# Heidelberg Catechism Questions 3,4, and 5



## Blue Tick (Nov 9, 2008)

Question 3. Whence knowest thou thy misery?

Answer: Out of the law of God.

Question 4. What does the law of God require of us?

Answer: Christ teaches us that briefly, Matt. 22:37-40, "Thou shalt love the Lord thy God with all thy heart, with all thy soul, and with all thy mind, and with all thy strength. This is the first and the great commandment; and the second is like unto it, Thou shalt love thy neighbour as thyself. On these two commandments hang all the law and the prophets." 

Question 5. Canst thou keep all these things perfectly?
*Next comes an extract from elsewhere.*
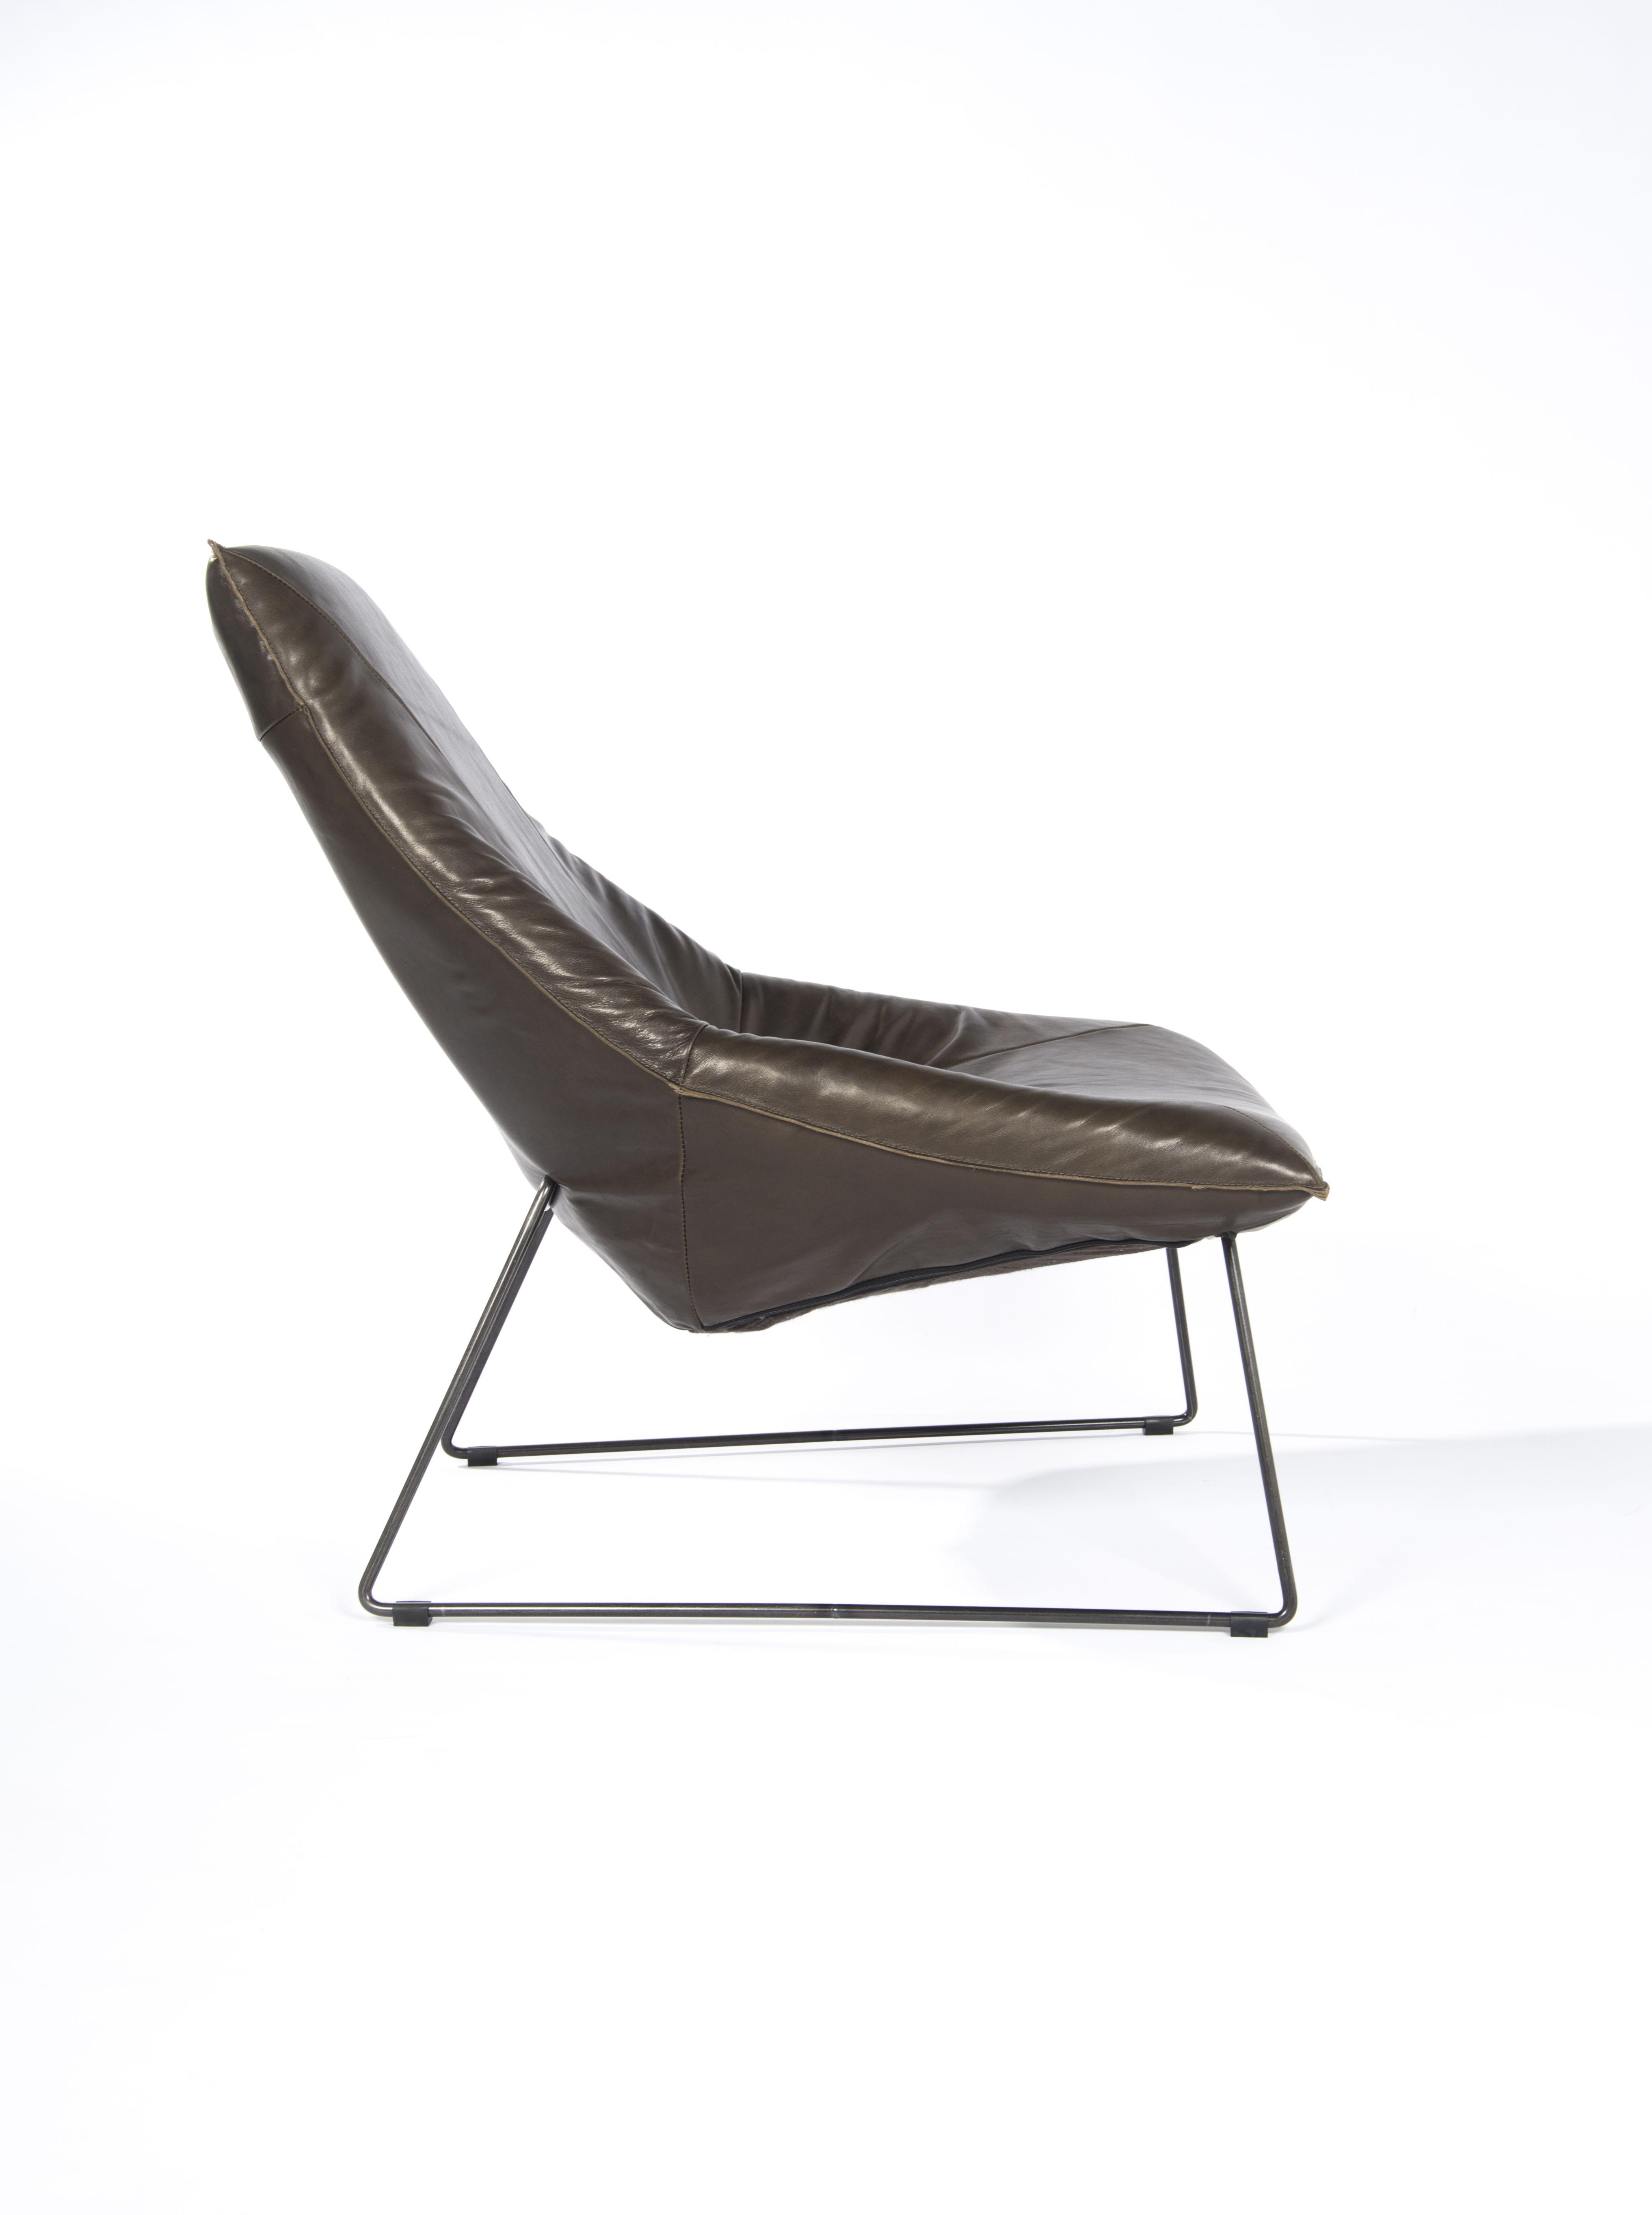 Peachy Neal Chair In Luxor Grey With 12 Mm Old Glory Frame Jess Creativecarmelina Interior Chair Design Creativecarmelinacom
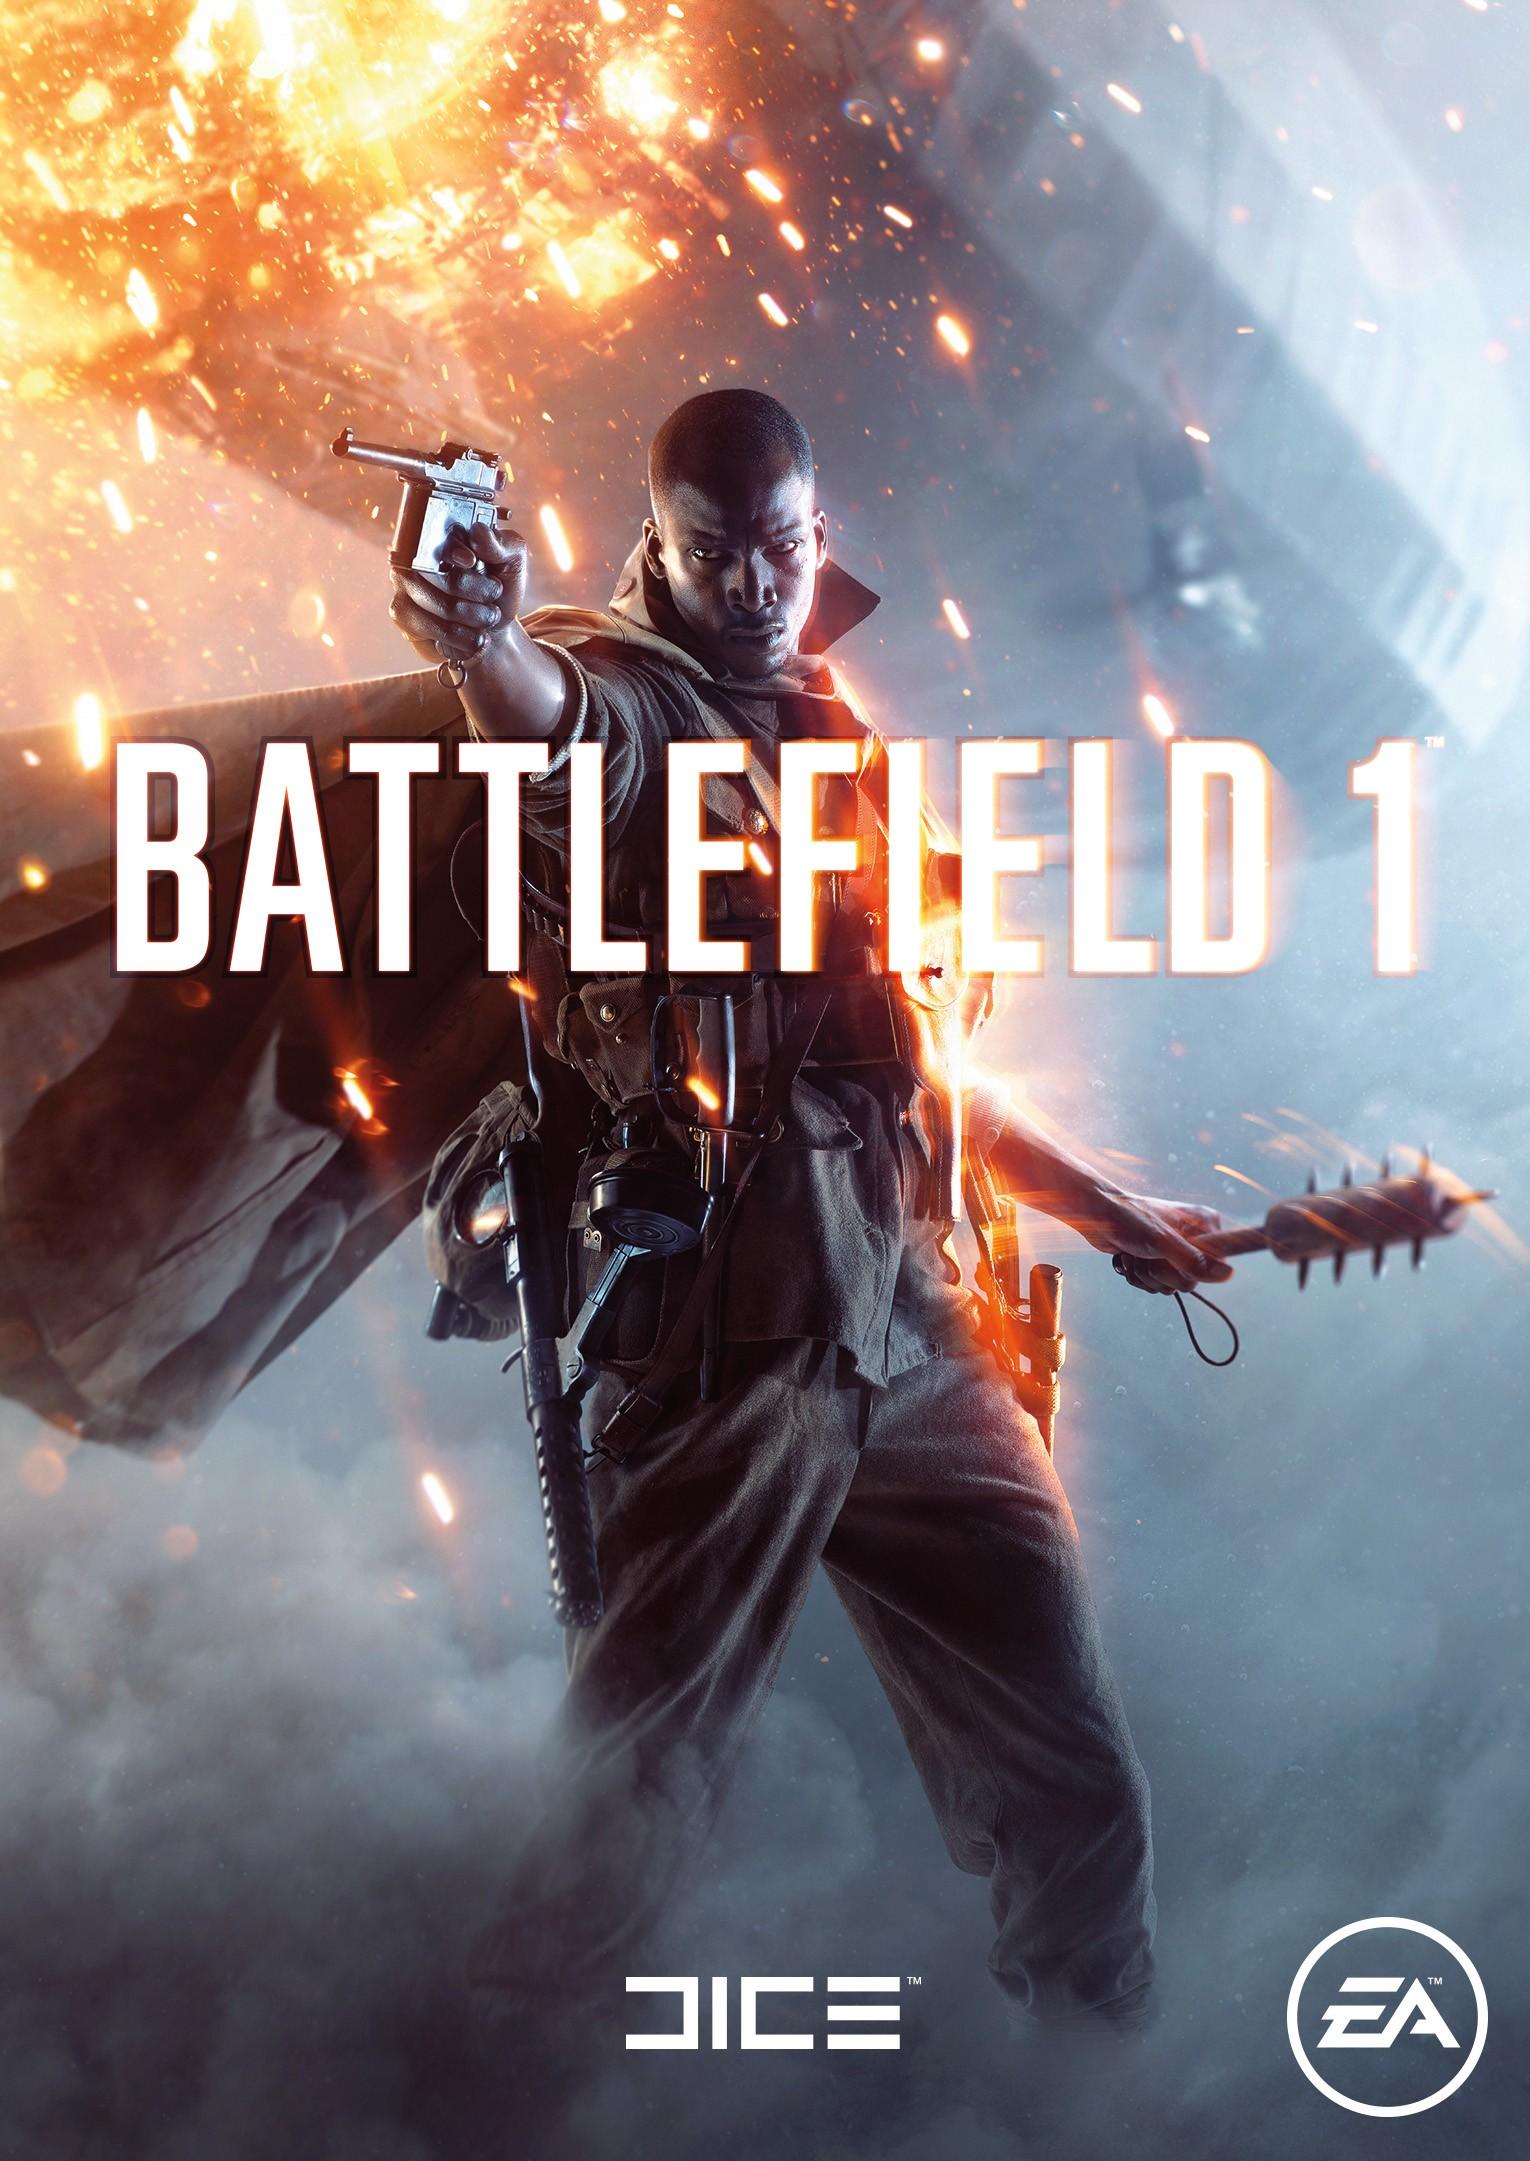 Top Wallpaper Gaming Battlefield - Battlefield_1_PC_gaming-51392  Trends_398058 .jpg!d

Answer: In no wise; for I am prone by nature to hate God and my neighbour.


----------



## Seb (Nov 9, 2008)

The answer to Q5 always hits me like a sledgehammer.


----------



## Semper Fidelis (Nov 9, 2008)

I know the Westminster Standards are sometimes more precise than the HC and the BC but I love how the HC puts things.

I was just mourning today with a Brother over our lost loved ones who are Roman Catholic. Were the answer to Question 5 to sink in then the Roman Catholic Church would be empty.


----------



## Blue Tick (Nov 9, 2008)

Semper Fidelis said:


> I know the Westminster Standards are sometimes more precise than the HC and the BC but I love how the HC puts things.
> 
> 
> I was just mourning today with a Brother over our lost loved ones who are Roman Catholic. Were the answer to Question 5 to sink in then the Roman Catholic Church would be empty.




I like how the HC has a pastoral tenderness attached to it.


----------



## JohnGill (Nov 9, 2008)

The HC's 'nickname' is "The Book of Comfort."

The precision is found in Ursinus' Commentary. Many of his arguments are along these lines: 



> 4. Besides him in whom the whole Deity is, there is another in whom it is likewise. The whole Deity is in the Father. Therefore the Godhead is not in the Son. Ans. We deny the major (premise), because the same essence which is in the Father, is also entire in the Son and Holy Ghost. From page 200, Certain sophisms of heretics against the eternal Deity of the briefly refuted



The rest of the refutations are in the same format. An understanding of logic amongst the readers was assumed in his writings.


----------